No editorial de 13/1/2023 deste jornal, Manuel Carvalho sentenciou o fracasso da greve dos professores. Esta estaria condenada pela falta de diálogo social, resultante das formas de luta adotadas por alguns sindicatos. Não me cabe a defesa legal dos pré-avisos de greve, até porque o diretor do PÚBLICO admite que podem ter “cobertura da Constituição e todas as leis do mundo em seu favor”. Mas creio que há alguma coisa a dizer em defesa da dignidade desta mobilização.
Essa dignidade saiu à rua no sábado, sob o mote levantado pela multidão: "Professores a lutar também estão a ensinar.” A demonstração de cidadania desmente o isolamento social. Um professor sintetizou num cartaz essa reivindicação solidária, que junta famílias e comunidade escolar: “Manuel, o pai está a lutar pela tua educação.” E um nonagenário, quando questionado sobre a sua presença, respondeu simplesmente: “Fui aluno.”

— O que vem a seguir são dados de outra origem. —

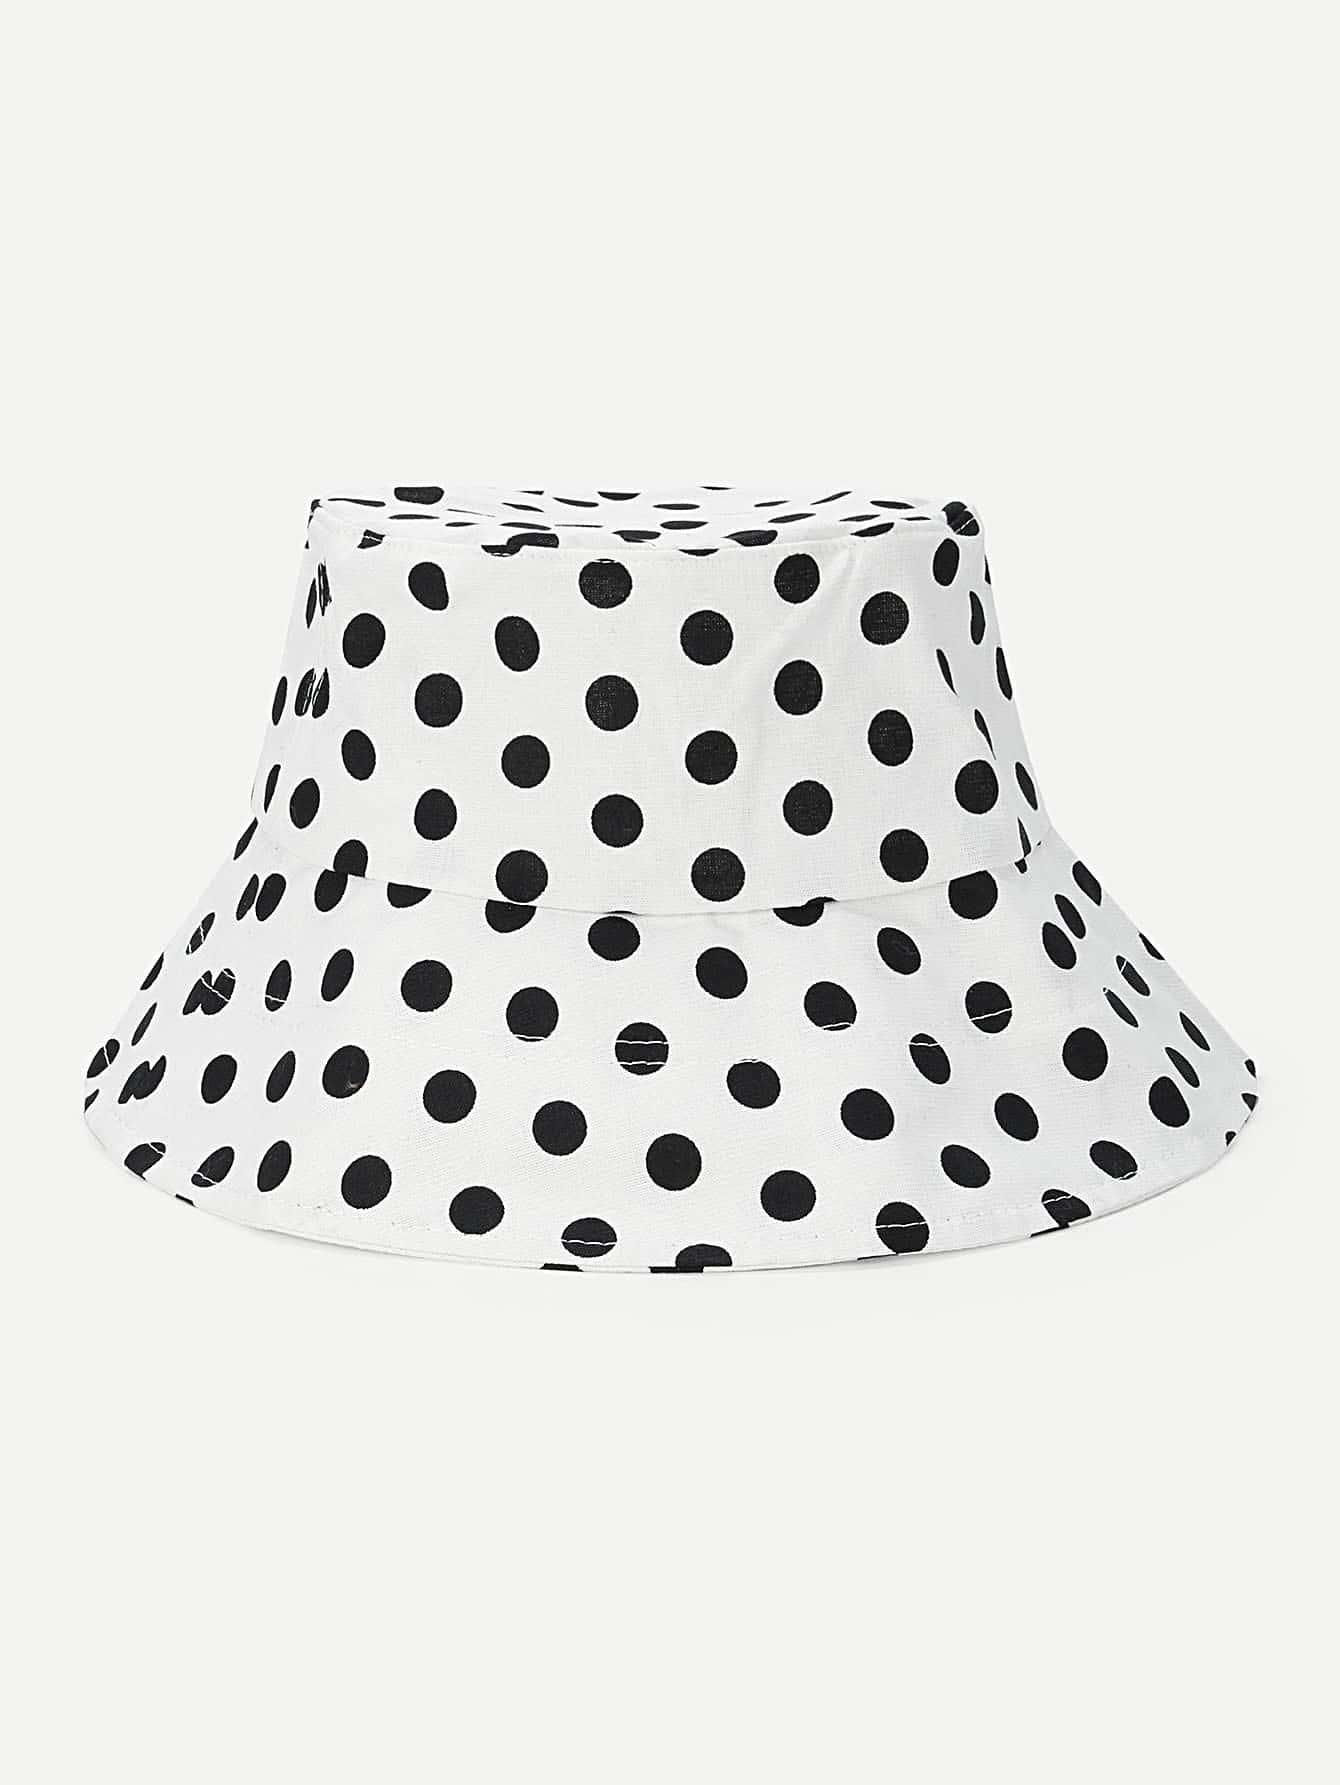 Купить Круглая шляпа с рисунками точки польки, null, SheIn

O que motiva, então, o editorialista a condenar esta mobilização histórica? O biombo não esconde o alinhamento com as opções tomadas, na velha tentativa de separar o inseparável: a resposta à crise existencial da escola e o problema estrutural da falta de docentes. Este barril de pólvora tem muitas causas, mas a sua explosão recente resulta simplesmente da incapacidade do PS.
O ministro da Educação, aceitando finalmente negociar, não deixou de colocar na mesa propostas que sabia serem inaceitáveis
O ministro da Educação, aceitando finalmente negociar, não deixou de colocar na mesa propostas que sabia serem inaceitáveis. Tais propostas, como a criação de um conselho intermunicipal de diretores ou a escolha por perfis de competências, provaram-se, no passado, permeáveis a cunhas e autoritarismos. Ao mesmo tempo, recusa responder aos problemas reais: não mexe nas normas que impedem a mobilidade por doença, obrigam os professores a andar com a casa às costas, travam na secretaria a progressão, desrespeitam o pessoal não docente e mantêm a precariedade. A falta de professores nas escolas não se deve às greves. Deve-se a um Governo que desistiu de resolver os problemas.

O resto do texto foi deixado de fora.